Tuesday 19 May 2015

Discrimination without Motive

The full transcript of the County Court judgement in the case Gareth Lee v Ashers Bakery illuminates an aspect of the Judge's reasoning which had eluded me when I reflected on the summary statement in my previous post.

The defendants argued that they did not discriminate against Gareth Lee because of his sexual orientation or political beliefs by pointing out that

  • regardless of his sexual orientation or political beliefs they would have served Gareth Lee if he had ordered the cake without the message
  • they would have refused to fulfill the order for a "Support Gay Marriage" cake, even if the order had been made by "a heterosexual customer".
The Judge did not consdier these fair comparisons "for the reason that it oversimplifies the enquiry" in that it does not take sufficiently into account that discrimination "may be subtle, insidiuous or hidden," even to the discriminator.

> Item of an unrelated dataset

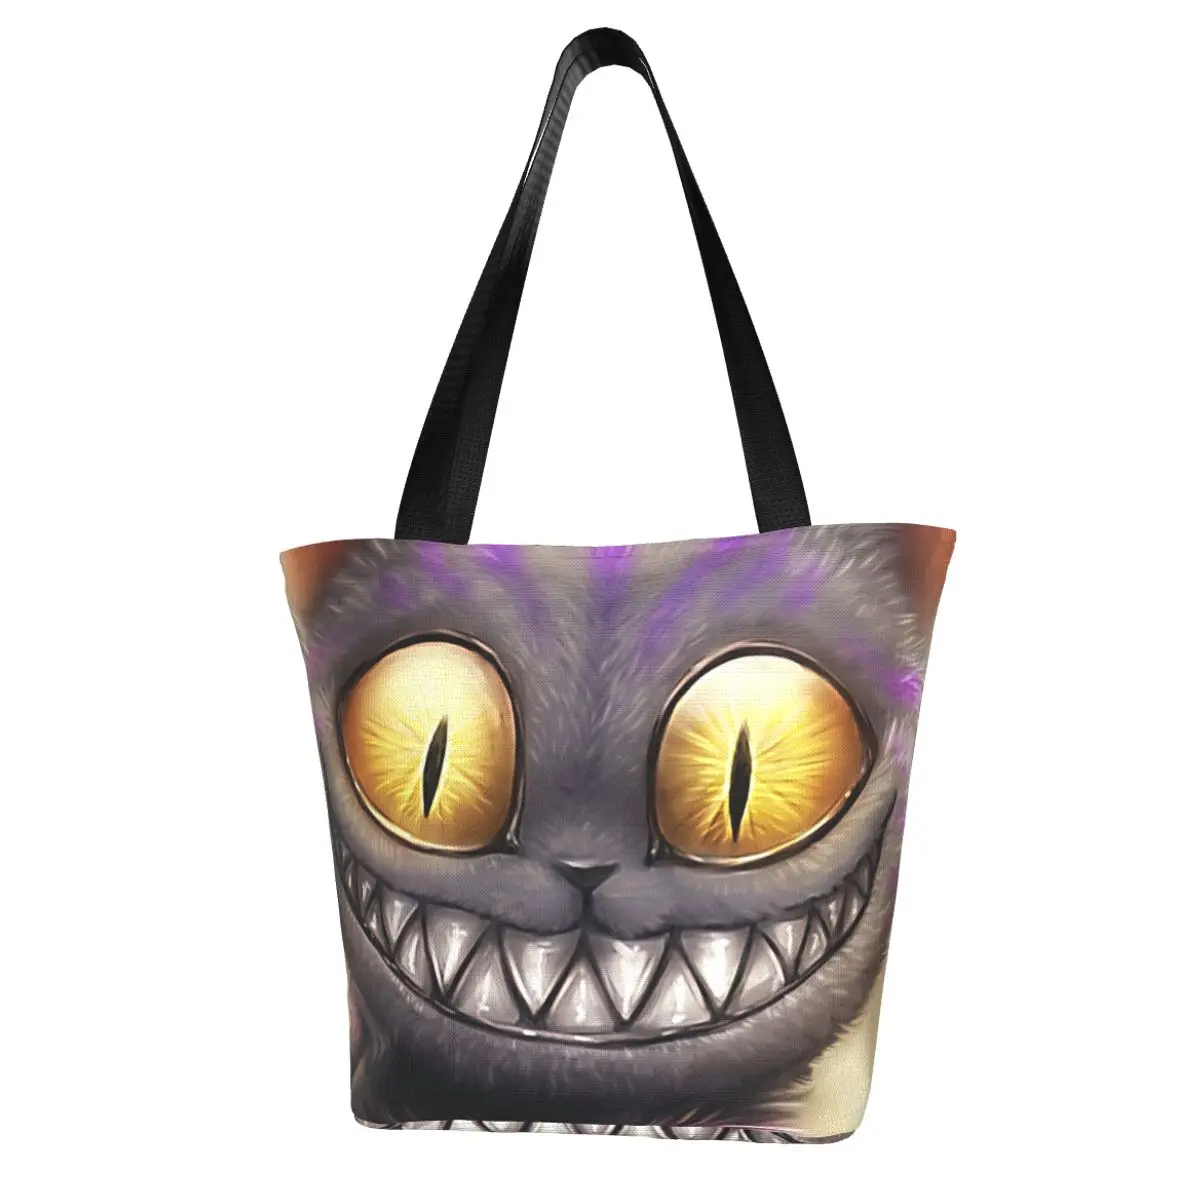 Alice In Wonderland Shopping Bag Aesthetic Cloth Outdoor Handbag Female Fashion Bags

Asking for the grounds, the why of discrimination is ambiguous. The question may be about "what caused the treatment in question" or about what was "its motive and purpose." Citing an earlier case, the Judge observes that "the former is important, the latter is not." 

In other words, the question is not whether the bakers were and are happy to serve people of a particular "sexual orientation" or people holding particular political beliefs - we may grant that they are entirely happy to do so - but whether people like Gareth Lee are given unfavourable treatment. 

The comparison must therefore be between a heterosexual customer ordering a "Support Marriage" cake and a homosexual customer ordering a "Support Gay Marriage" cake. The former gets served, the latter does not. This constitutes discrimination on the grounds of sexual orientation.

The Judge then cites from Bull and another v Hall and another [2013] UKSC 73
"[37] To permit someone to discriminate on the ground that he did not believe that persons of homosexual orientation should be treated equally with persons of heterosexual orientation would be to create a class of people who were exempt from the discrimination legislation. We would not normally allow people to behave in a way which the law prohibits because they disagree with the law. But to allow discrimination against persons of homosexual orientation (or indeed heterosexual orientation) because of a belief, however sincerely held, and however based on the biblical text, would be to do just that."
The relevance of this is not immediately clear to me. Does this imply and allege that the people at Ashers Bakery do in fact "not believe that persons of homosexual orientation should be treated equally with persons of heterosexual orientation"? Up to this point, I thought the argument was that the claim that the bakers do not hold such a belief was granted but declared irrelevant because in spite of their best intentions "gay customers" (who can be assumed to be in favour of "gay marriage" and willing to promote this with cakes?) are in fact disadvantaged over "heterosexual customers" (who may be presumed to order cakes which say "Support Marriage"?) and hence indirectly discriminated against.

PS: In the second part the QC for the Plaintiff claims that it is possible to discriminate against someone on the grounds of their religious belief or political opinion even without knowing what these are. The Judge rejected the Defendant's claim that they did not know the customer's political opinion but agreed that even if this had been the case, the refusal to bake a cake with the message "Support Gay Marriage" would still have been a case of discrimination on the grounds of politic belief.